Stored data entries
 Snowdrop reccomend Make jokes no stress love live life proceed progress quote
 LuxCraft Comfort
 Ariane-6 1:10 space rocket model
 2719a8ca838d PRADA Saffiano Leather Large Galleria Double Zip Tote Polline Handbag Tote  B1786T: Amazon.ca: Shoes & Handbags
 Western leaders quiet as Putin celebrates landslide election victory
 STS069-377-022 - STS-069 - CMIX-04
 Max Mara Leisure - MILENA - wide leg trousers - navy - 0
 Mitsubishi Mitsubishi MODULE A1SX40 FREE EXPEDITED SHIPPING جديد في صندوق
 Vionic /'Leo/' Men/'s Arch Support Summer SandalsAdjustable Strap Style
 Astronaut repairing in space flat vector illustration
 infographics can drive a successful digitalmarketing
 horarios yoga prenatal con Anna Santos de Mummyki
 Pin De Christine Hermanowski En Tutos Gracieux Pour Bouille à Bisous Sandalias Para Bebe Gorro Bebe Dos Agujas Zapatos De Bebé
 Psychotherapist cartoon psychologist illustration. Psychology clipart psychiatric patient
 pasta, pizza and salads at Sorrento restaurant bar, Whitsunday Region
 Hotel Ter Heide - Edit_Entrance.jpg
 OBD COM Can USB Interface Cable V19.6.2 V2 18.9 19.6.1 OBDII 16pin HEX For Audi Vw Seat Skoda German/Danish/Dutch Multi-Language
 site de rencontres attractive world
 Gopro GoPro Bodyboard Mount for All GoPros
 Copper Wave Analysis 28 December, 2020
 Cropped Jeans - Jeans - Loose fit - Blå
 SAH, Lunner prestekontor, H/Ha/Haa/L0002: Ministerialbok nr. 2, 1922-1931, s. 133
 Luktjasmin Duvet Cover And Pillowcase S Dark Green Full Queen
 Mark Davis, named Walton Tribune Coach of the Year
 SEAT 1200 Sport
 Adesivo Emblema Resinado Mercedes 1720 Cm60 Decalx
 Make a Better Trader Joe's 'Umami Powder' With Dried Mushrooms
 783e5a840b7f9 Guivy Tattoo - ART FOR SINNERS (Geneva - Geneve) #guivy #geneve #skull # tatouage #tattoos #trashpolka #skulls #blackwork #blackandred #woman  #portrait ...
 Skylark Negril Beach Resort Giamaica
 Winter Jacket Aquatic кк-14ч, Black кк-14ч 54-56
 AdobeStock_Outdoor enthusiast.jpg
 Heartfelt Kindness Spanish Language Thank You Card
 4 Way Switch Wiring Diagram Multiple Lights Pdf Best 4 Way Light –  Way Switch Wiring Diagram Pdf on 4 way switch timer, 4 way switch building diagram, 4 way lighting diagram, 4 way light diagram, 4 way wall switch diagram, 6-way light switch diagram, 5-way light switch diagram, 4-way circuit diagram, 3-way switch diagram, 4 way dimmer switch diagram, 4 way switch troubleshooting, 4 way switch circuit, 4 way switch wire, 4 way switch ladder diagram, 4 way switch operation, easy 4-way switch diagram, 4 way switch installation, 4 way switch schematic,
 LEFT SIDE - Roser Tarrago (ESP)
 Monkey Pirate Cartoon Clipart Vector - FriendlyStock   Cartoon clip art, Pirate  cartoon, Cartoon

DIRECTIONS: The records above must be retyped in full. Keep each one exactly as it is.

TASK SOLUTION:
 Snowdrop reccomend Make jokes no stress love live life proceed progress quote
 LuxCraft Comfort
 Ariane-6 1:10 space rocket model
 2719a8ca838d PRADA Saffiano Leather Large Galleria Double Zip Tote Polline Handbag Tote  B1786T: Amazon.ca: Shoes & Handbags
 Western leaders quiet as Putin celebrates landslide election victory
 STS069-377-022 - STS-069 - CMIX-04
 Max Mara Leisure - MILENA - wide leg trousers - navy - 0
 Mitsubishi Mitsubishi MODULE A1SX40 FREE EXPEDITED SHIPPING جديد في صندوق
 Vionic /'Leo/' Men/'s Arch Support Summer SandalsAdjustable Strap Style
 Astronaut repairing in space flat vector illustration
 infographics can drive a successful digitalmarketing
 horarios yoga prenatal con Anna Santos de Mummyki
 Pin De Christine Hermanowski En Tutos Gracieux Pour Bouille à Bisous Sandalias Para Bebe Gorro Bebe Dos Agujas Zapatos De Bebé
 Psychotherapist cartoon psychologist illustration. Psychology clipart psychiatric patient
 pasta, pizza and salads at Sorrento restaurant bar, Whitsunday Region
 Hotel Ter Heide - Edit_Entrance.jpg
 OBD COM Can USB Interface Cable V19.6.2 V2 18.9 19.6.1 OBDII 16pin HEX For Audi Vw Seat Skoda German/Danish/Dutch Multi-Language
 site de rencontres attractive world
 Gopro GoPro Bodyboard Mount for All GoPros
 Copper Wave Analysis 28 December, 2020
 Cropped Jeans - Jeans - Loose fit - Blå
 SAH, Lunner prestekontor, H/Ha/Haa/L0002: Ministerialbok nr. 2, 1922-1931, s. 133
 Luktjasmin Duvet Cover And Pillowcase S Dark Green Full Queen
 Mark Davis, named Walton Tribune Coach of the Year
 SEAT 1200 Sport
 Adesivo Emblema Resinado Mercedes 1720 Cm60 Decalx
 Make a Better Trader Joe's 'Umami Powder' With Dried Mushrooms
 783e5a840b7f9 Guivy Tattoo - ART FOR SINNERS (Geneva - Geneve) #guivy #geneve #skull # tatouage #tattoos #trashpolka #skulls #blackwork #blackandred #woman  #portrait ...
 Skylark Negril Beach Resort Giamaica
 Winter Jacket Aquatic кк-14ч, Black кк-14ч 54-56
 AdobeStock_Outdoor enthusiast.jpg
 Heartfelt Kindness Spanish Language Thank You Card
 4 Way Switch Wiring Diagram Multiple Lights Pdf Best 4 Way Light –  Way Switch Wiring Diagram Pdf on 4 way switch timer, 4 way switch building diagram, 4 way lighting diagram, 4 way light diagram, 4 way wall switch diagram, 6-way light switch diagram, 5-way light switch diagram, 4-way circuit diagram, 3-way switch diagram, 4 way dimmer switch diagram, 4 way switch troubleshooting, 4 way switch circuit, 4 way switch wire, 4 way switch ladder diagram, 4 way switch operation, easy 4-way switch diagram, 4 way switch installation, 4 way switch schematic,
 LEFT SIDE - Roser Tarrago (ESP)
 Monkey Pirate Cartoon Clipart Vector - FriendlyStock   Cartoon clip art, Pirate  cartoon, Cartoon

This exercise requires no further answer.